Ohio’s Abortion Amendment, Explained

Ohio Secretary of State Frank LaRose at a campaign stop on November 4, 2022 in Moraine, Ohio. (Photo by Drew Angerer/Getty Images)

A proposed amendment to Ohio’s constitution, which would guarantee the legality of abortions until fetal viability, has gathered enough signatures to make the ballot in November, Ohio Secretary of State Frank LaRose announced on Tuesday. It’s the only confirmed abortion-related referendum at the state level this November, a drop from 2022, when three states approved amendments similar to Ohio’s. Additionally, three others rejected pro-life initiatives, including proposed amendments in Kansas and Kentucky that would have clarified that their state constitutions did not grant the right to an abortion.
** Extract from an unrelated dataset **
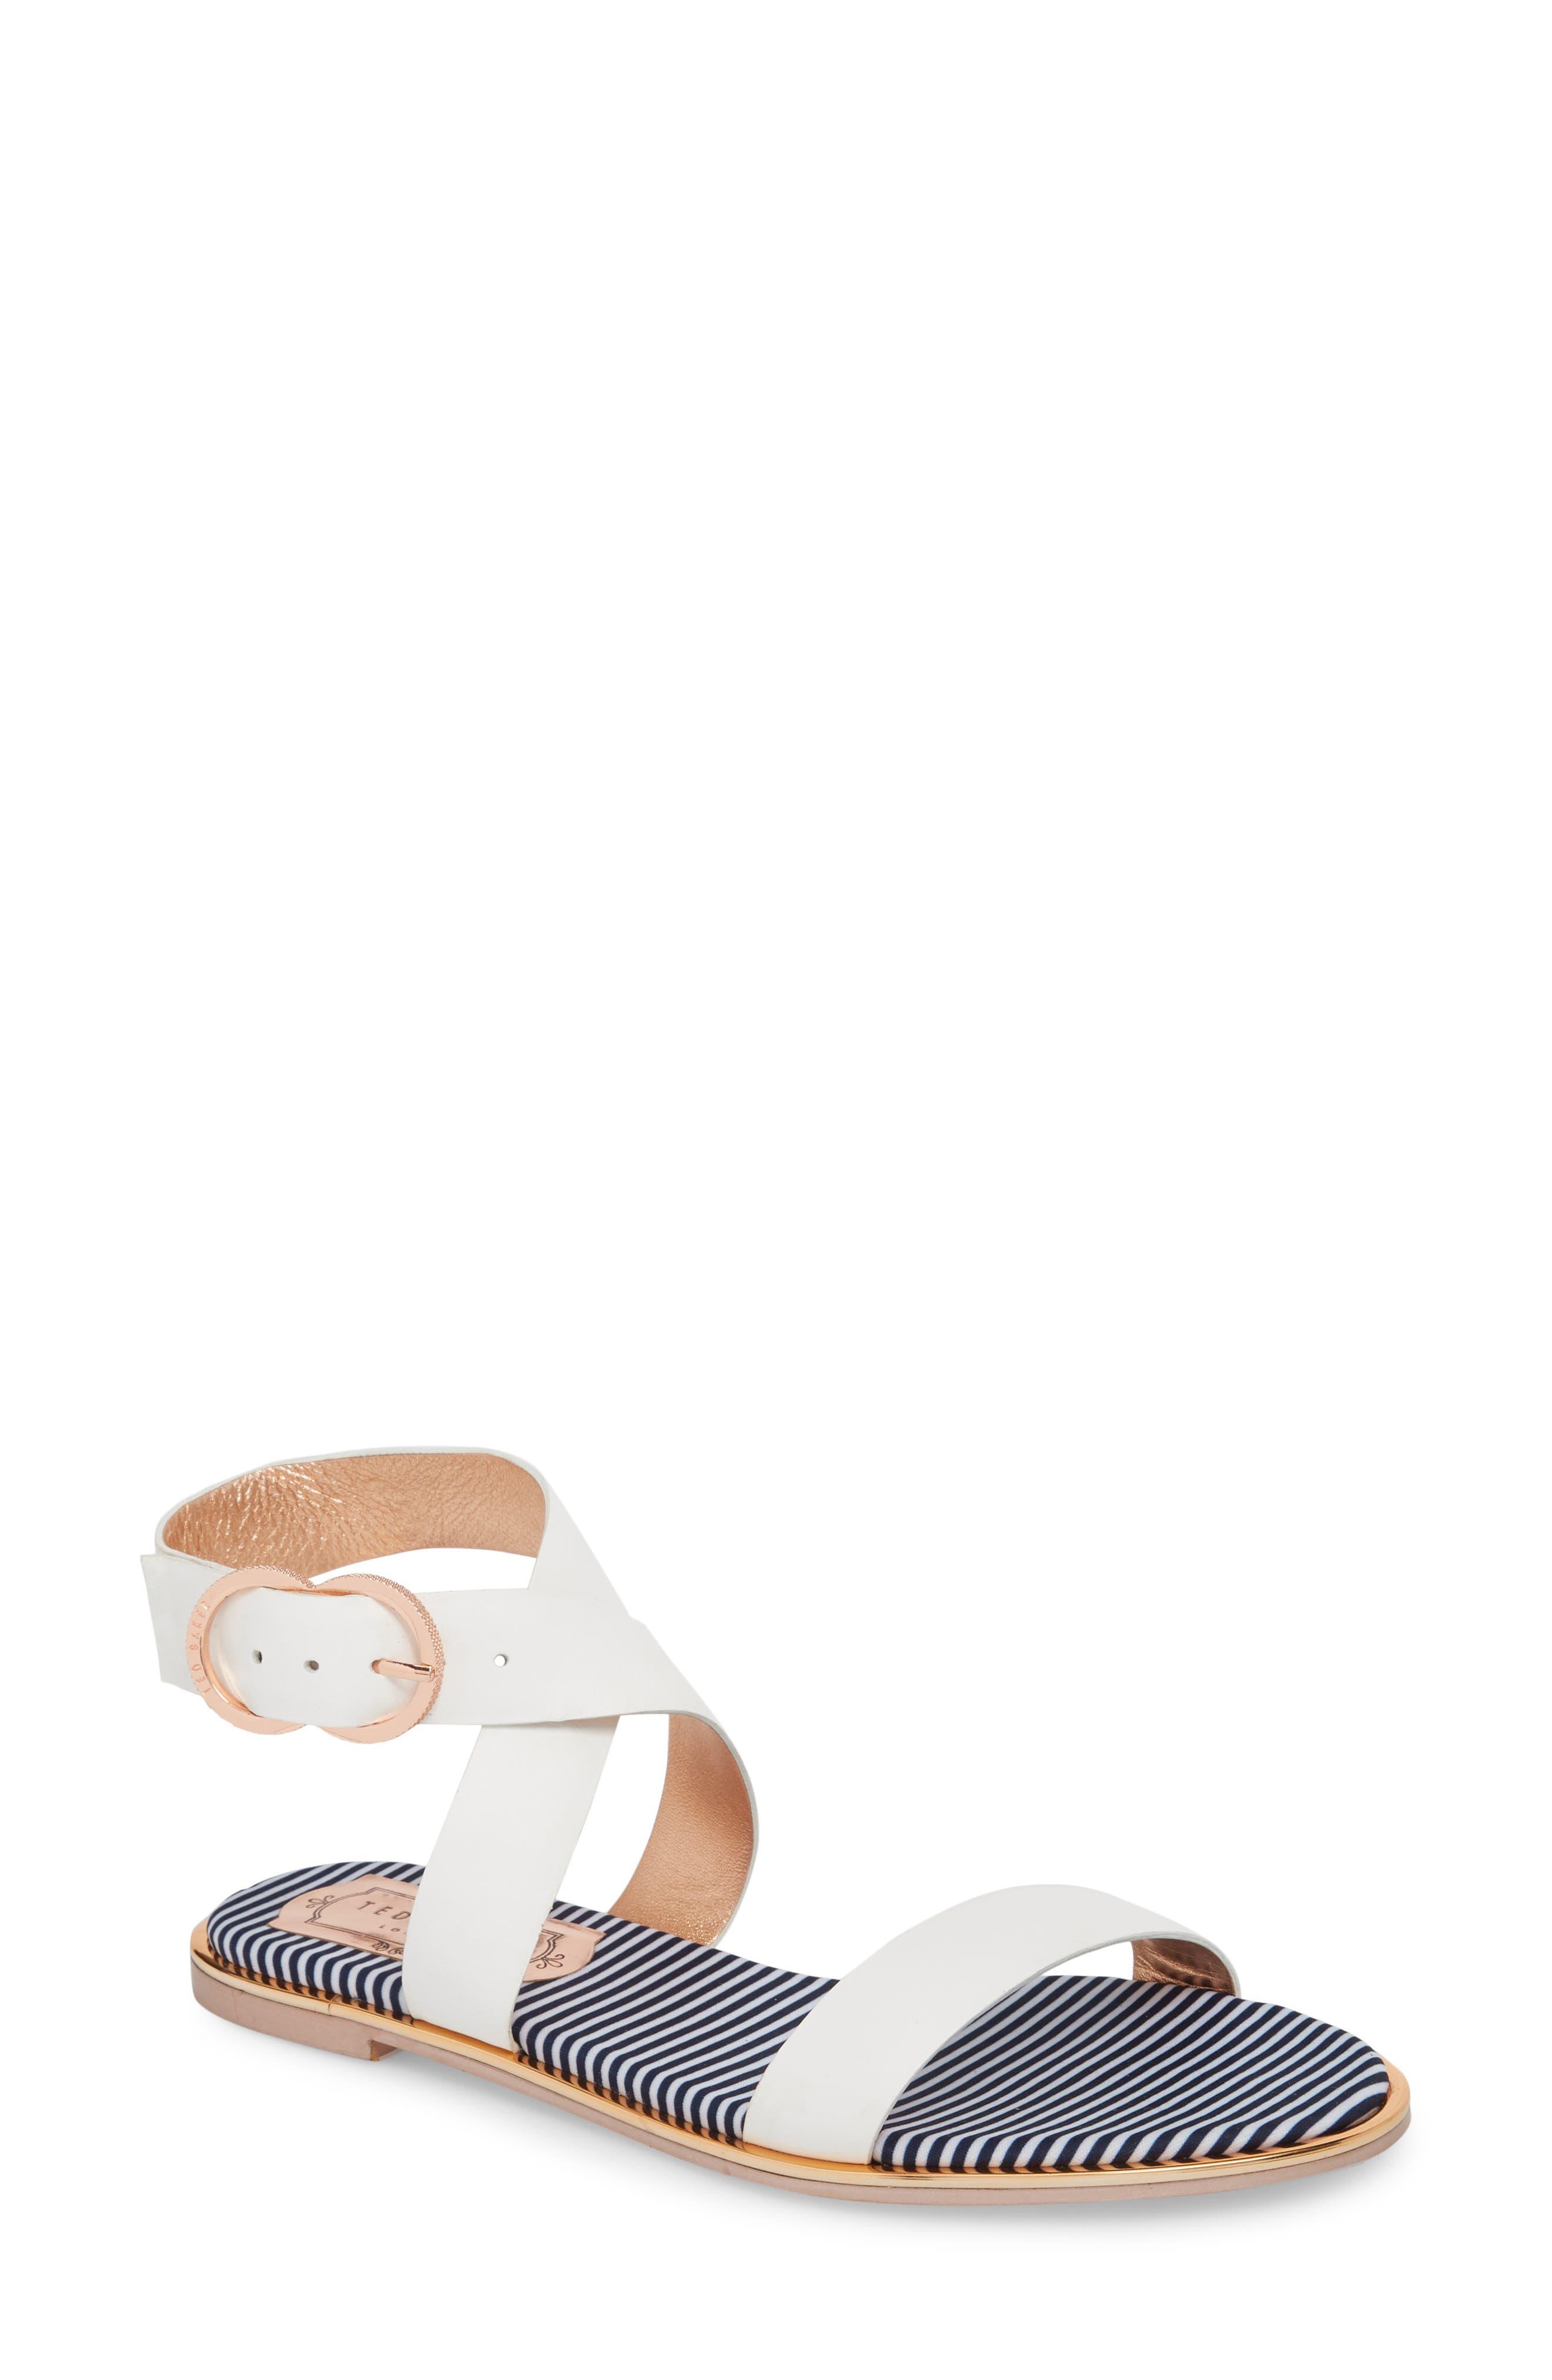 Qereda Sandal,                         Main,                         color, White Leather

What would Ohio’s abortion amendment codify? And how does it reflect debates happening nationwide?

Ohio’s proposed amendment.

The amendment would add a section to Article I of Ohio’s constitution to ban lawmakers from interfering with an individual’s ability to “make and carry out one’s own reproductive decisions” before fetal viability. That’s approximately 24 weeks, according to the National Institutes of Health. Abortions are currently legal in Ohio up to 22 weeks, though a more restrictive “heartbeat bill” is currently blocked.